The machine-gun surprised me too. Much of this film's violence is either off-screen or vaguely unconvincing, but the machine-gun... bloody hell. What is this, Beirut?
What's superb though about the film is Cagney.
It's an astonishing performance, with electricity that puts him into the bracket of all-time greatest movie stars. It would have been impossible for this film not to have turbo-boosted his career. He's better than everything else in it put together. He's putting more into individual moments than his co-stars will put into whole scenes. He knew its world, after all. He'd grown up in poverty and done all kinds of jobs when he was younger, often simultaneously, giving all his earnings to his family. (He'd also been an amateur boxer and his coaches had wanted him to turn professional.) His performance here he based on Chicago gangster Dean O'Bannion and on two New York City hoodlums he'd known as a youth. He creates a grinning monster, unlikeable but full of paradoxical charm, and turns this third-rate hood into someone you can't look away from. Objectively the guy's pathetic. He's a loser with little ambition and possible Oedipal issues, but Cagney takes all that on board and transforms it while at the same time embracing it too.
One anecdote. In the scene where Cook punches Cagney, the director Wellman asked Cook to hit him for real and didn't tell Cagney. The result was a broken tooth, yet Cagney stayed in character and played out the rest of the scene. Now that's someone who's in the zone.
The other actors aren't at his level, obviously, but some are actually bad. Jean Harlow makes a mess of her big speech and Donald Cook can't deliver dialogue, although I sometimes liked him when he doesn't have any. There's also a terrible child actress, although she's only in it briefly.
It's also a pre-Code movie, so there's an effeminate tailor and some implied sex that had to be edited out of later re-releases.
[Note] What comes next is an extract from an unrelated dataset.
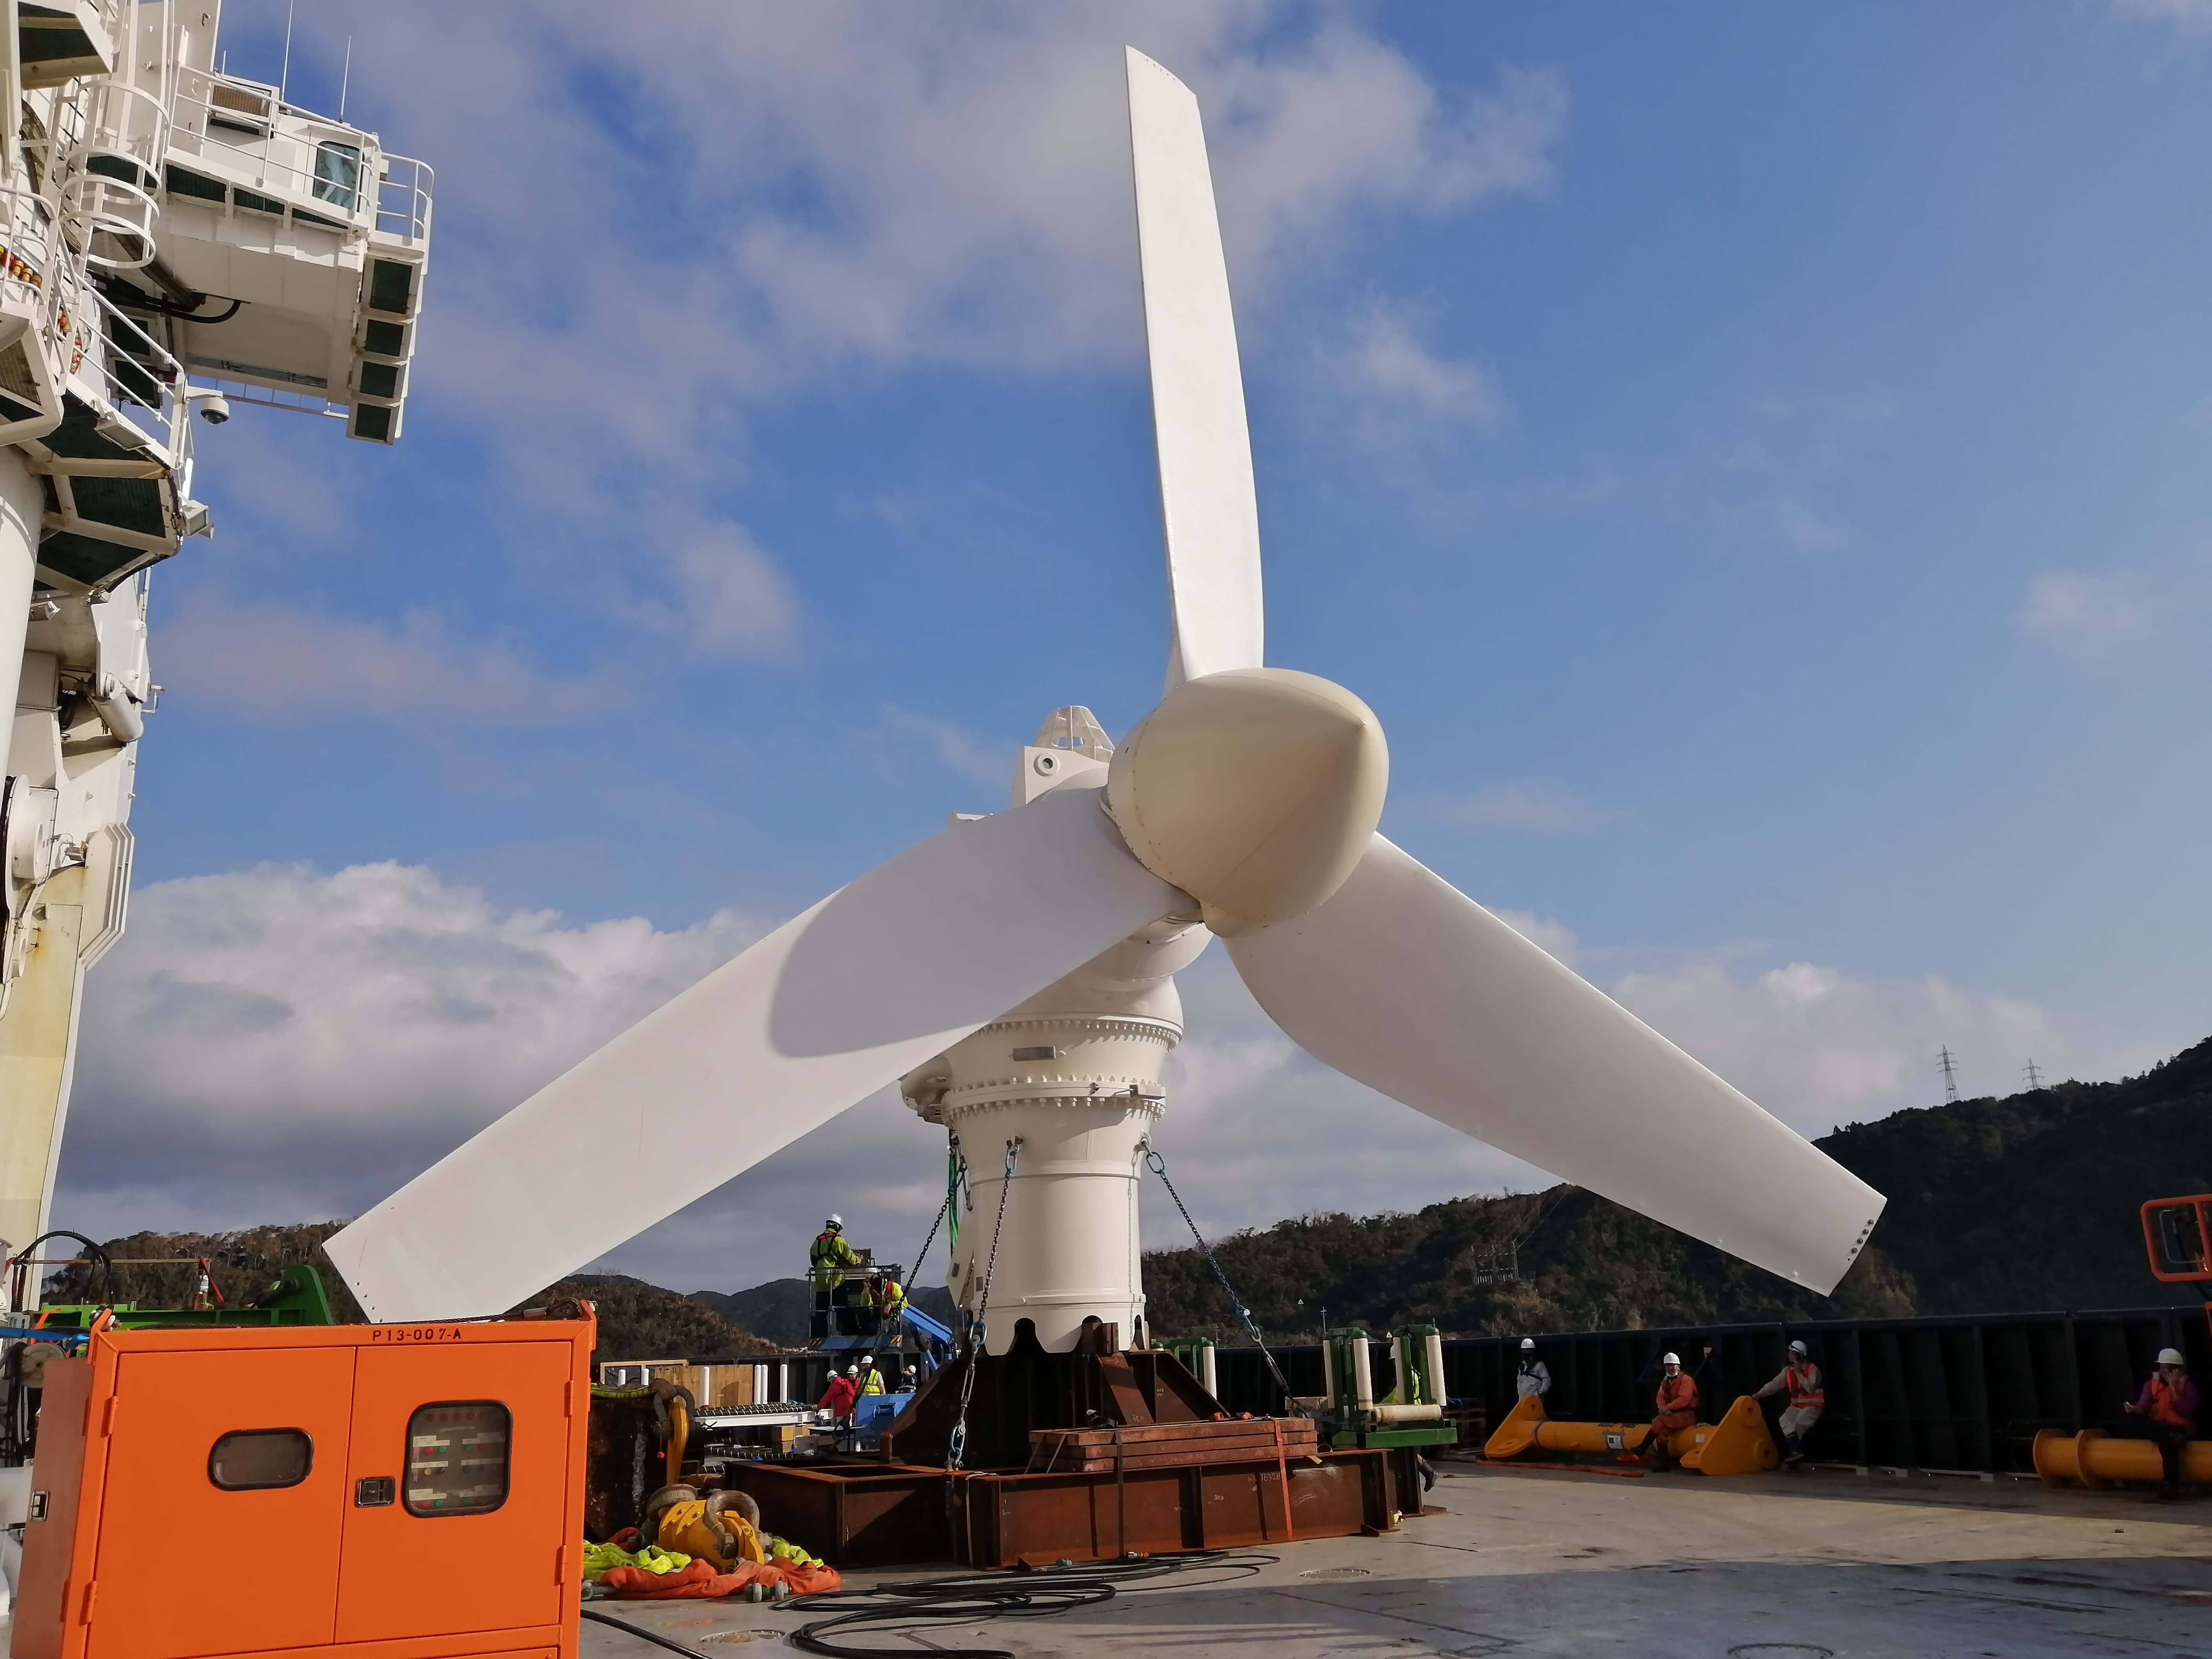 A tidal turbine built in Scotland now delivers power in Japan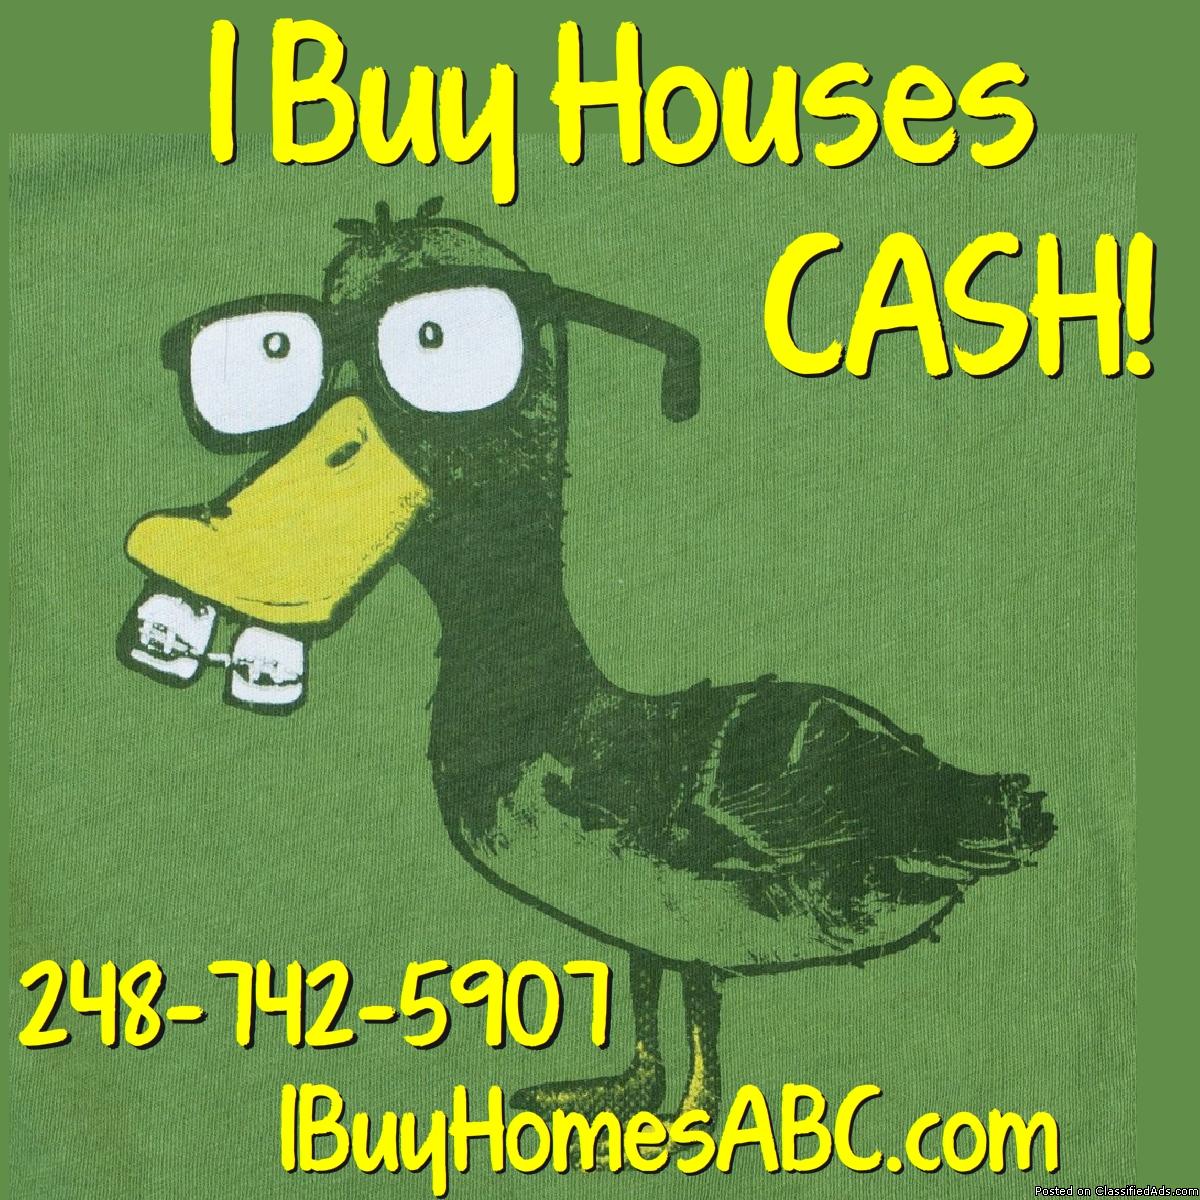 CASH For Your Michigan Home. Oakland County

In summary, a slightly unusual film with a star-making central performance. It's often called a classic and it's certainly true that it was a huge milestone in its genre. Much of it was taken straight from life, from the characters based on real gangsters to the "this really happened" plot developments. This is interesting and gives it energy and unpredictability, but I also think it was a factor in producing a jigsaw narrative built around bits and pieces. Surprisingly some of the strongest material here isn't gangster-related, but instead to do with our anti-hero's personal life and relationships. This is an interesting one.
"That sucker, he's too busy going to school. He's learning how to be poor."